The court didn’t even smother their gossip. It flared wherever they walked. Gwen shot Merlin a look of pure misery.
She and Ari must have been exceptionally successful at hurting Arthur. It wasn’t an easy task, but they were all committed to making it through the Arthurian legend as quickly as possible and getting back to their time before Mercer grew stronger. Which meant that Merlin didn’t have much time at all to figure out this backward aging business.
He needed help. He needed someone with magic to spare.
Merlin looked at the receding back of the withered, worm-hearted old mage. Merlin had been amazed, disappointed, and relieved that Old Merlin hadn’t noticed his de-aging. It would no doubt end in another interrogation. And most likely some magical experimentation. But wasn’t that what he needed right now?

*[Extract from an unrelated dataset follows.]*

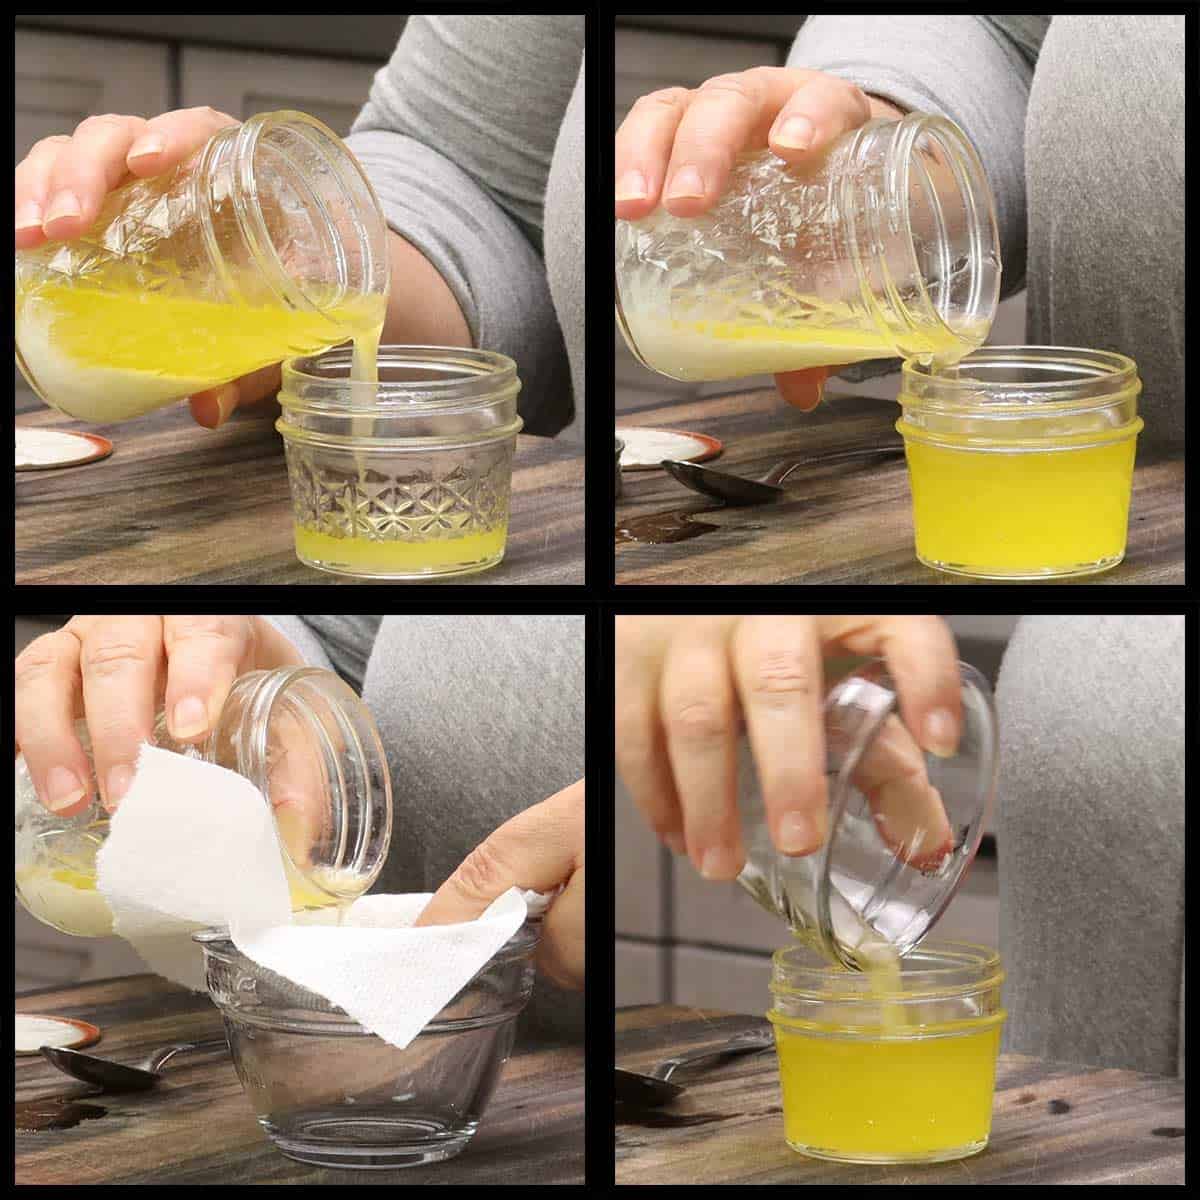 pouring off the butterfat into a separate jar and then straining the rest into a small bowl and then pouring into the jar of clarified butter.

He ran to catch up, stopping Old Merlin at the tower door. Merlin took a mighty breath, preparing himself to pull an Ari and tell the truth. It was harder than it looked.
“Haven’t you noticed anything strange?” he demanded.
“Yes,” Old Merlin said. “You’re getting more pesky these days. Like a fly around a rotting piece of fruit.”
Funny, because you’re a rotting piece of fruit! Merlin nearly shouted.
He sighed until he found a sense of calm, which was harder to summon than magic these days. “The night of Arthur’s birthday celebration, I disappeared because… I was losing time.” Old Merlin still looked puzzled. Gods, did he have to spell everything out for himself? “Getting younger.”
“And you didn’t wish everyone to see your humiliations,” Old Merlin filled in with surprising alacrity. He circled Merlin with his hawklike sharpness. He whipped a piece of string out of one of his robe pockets and took a few measurements as Merlin hummed nervously. What had he gotten himself into? Had he really invited the person he feared most into his personal space? “It does seem you’re growing… down… rather than up.”
“As your apprentice, you probably don’t want me crawling around this place,” he said. “It is not baby-proof.”
Merlin held his breath. What kind of tortures awaited him now?
“This is most fascinating!” Old Merlin said, clapping his hands together and standing on his tiptoes, filled with the helium of delight. “Why didn’t you mention that someone put a curse on you? I revel in countercurses.”
“You… you do?” Merlin bumbled. He didn’t remember helping people in this time, besides Arthur. Of course, he didn’t remember much at all.
“Up to the tower at once,” Old Merlin said, complete with impatient snapping. “No more dusting the prophetic orbs for you. We have bigger work to do.”
Under any other circumstances, Merlin would have said no. And possibly left the castle screaming. But right now, he was desperate enough to work with the very last person he would have chosen in any era, sociopathic dictators notwithstanding.
If he was going to break Nin’s cycle, he needed complete control of his magic. Starting with his age. This time and place had always terrified him—but what if it held the answers he’d always sought? What if facing it was the only way to find them?
“Kairos,” Old Merlin muttered. The tower door opened on its magical hinge, the stairs looming above them.
Merlin took a deep breath and said, “I guess it’s you and me, old man.”
Ari awoke to a bucket of water being dumped on her head. Her neck felt terrible. Her back felt terrible. The evening sun beating down on her felt, well, terrible.
She was in the stocks, head and wrists locked into worn, soft wood.
“What happened?” she asked, unable to look up, trying to figure out if what she was looking at were in fact Val’s feet.
Val’s voice floated down. “You are no longer Camelot’s favorite knight, that’s what. Hope this was your plan.”
“Not exactly.”
He began to pull back the mechanism that kept the wood clamped. “The good news is that your sentence has been served. One night and day in the stocks for impertinence toward the queen.”
“Impertinence? That all?”
“I believe Arthur is covering for you. Even in his jealousy.” Val helped her stand up, which was important because her body was stiff and her muscles felt like cement. “Tell me, did you and Gwen plan this or did you just whip out your sheer animalistic urges for one another in front of that poor young royal?”
“Worse,” Ari grumbled. “I told her I loved her and we got all moony.”
Val whistled. “That is worse.” He led them toward the stable where Lam worked.